The defaults are the key. Both Claude Code and Claude Cowork inherit a particular set of behavioural priors that are productive in software engineering and broadly fine in general knowledge work. Generate output quickly. Iterate when feedback arrives. Tolerate partial answers. Treat exploration as a feature. Verify against external feedback rather than against first principles, because external feedback in software is cheap. Optimise for time to a working draft.

Those defaults are exactly what produced the first-pass redline of LITT’s memo. The harness retrieved what it could find in summary snippets, used what it had to author a confident critique, and only when explicit user pressure arrived did it switch into the verification mode that the task actually required from the start. In a coding session, the same pattern is fine. The user runs the code, the test fails, the model fixes it. In legal review, the user does not have a compiler. The user has to read the judgment to find out the redline is wrong, and at that point the user has done the work they were trying to delegate.

There is a tell in Claude’s own retraction, and it is the single most important sentence in the entire transcript: “I was speculating from search snippets instead of reading the judgment.” That sentence is the structural diagnosis. Speculating from search snippets is a perfectly adequate strategy in many domains. Pure brainstorming. Initial-draft prose. Light reformatting tasks. Most of what knowledge workers do in a day looks like that. In a domain where the cost of being wrong is borne in front of a judge or in front of opposing counsel or in front of a regulator, speculation from snippets is a malpractice trajectory.
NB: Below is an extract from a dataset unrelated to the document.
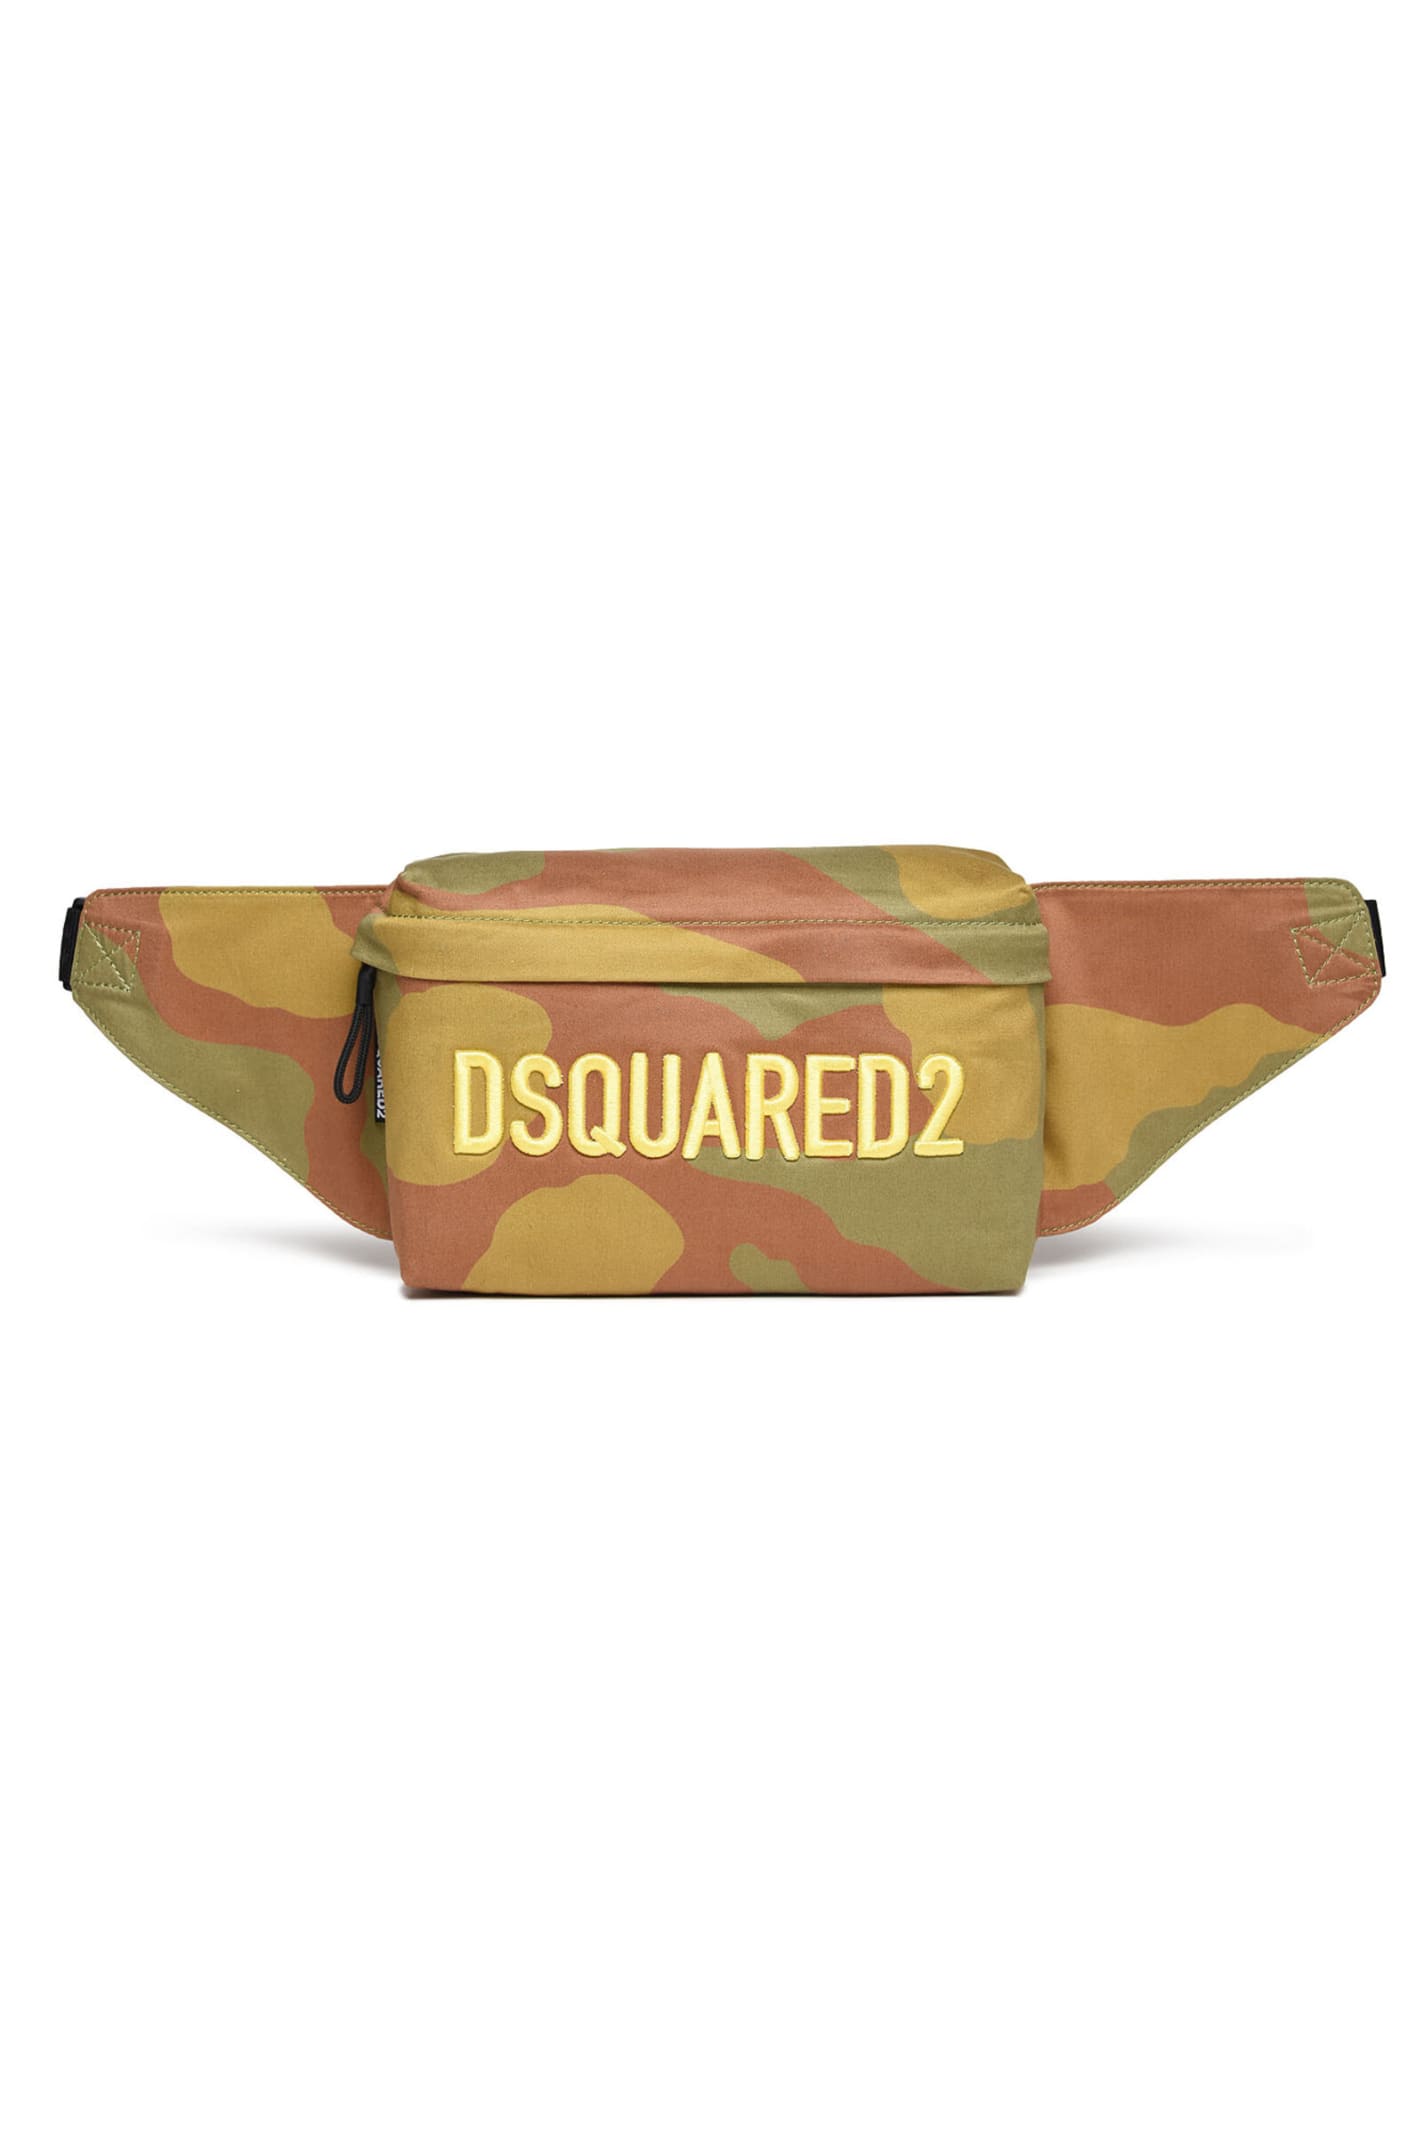 Dsquared2 D2w74u Bags Dsquared

The harness has to refuse to author claims it has not grounded. Claude Cowork’s harness does not refuse. It produces.

The Hadley v Baxendale analogy in the transcript is the most instructive artefact. Claude did not just produce a wrong critique. It produced a critique that scaffolded its wrongness with confident legal reasoning. The analogy itself was a flourish, an unprompted comparison between an asset-division case and a contract-remoteness case, deployed to add gravitas to the critique. It was beautiful. It was also wrong. The output became more persuasive the more wrong it was, because the rhetorical machinery is unrelated to the underlying accuracy. A junior associate or a non-specialist GC reading that paragraph would have no defence against it.

This is the worst possible failure mode for legal AI. Not hallucination in the simple sense, where the model invents a citation that does not exist. Something more dangerous: confident, well-reasoned-sounding wrongness with the trappings of authority. It is the mode that destroys trust in a domain that runs on trust.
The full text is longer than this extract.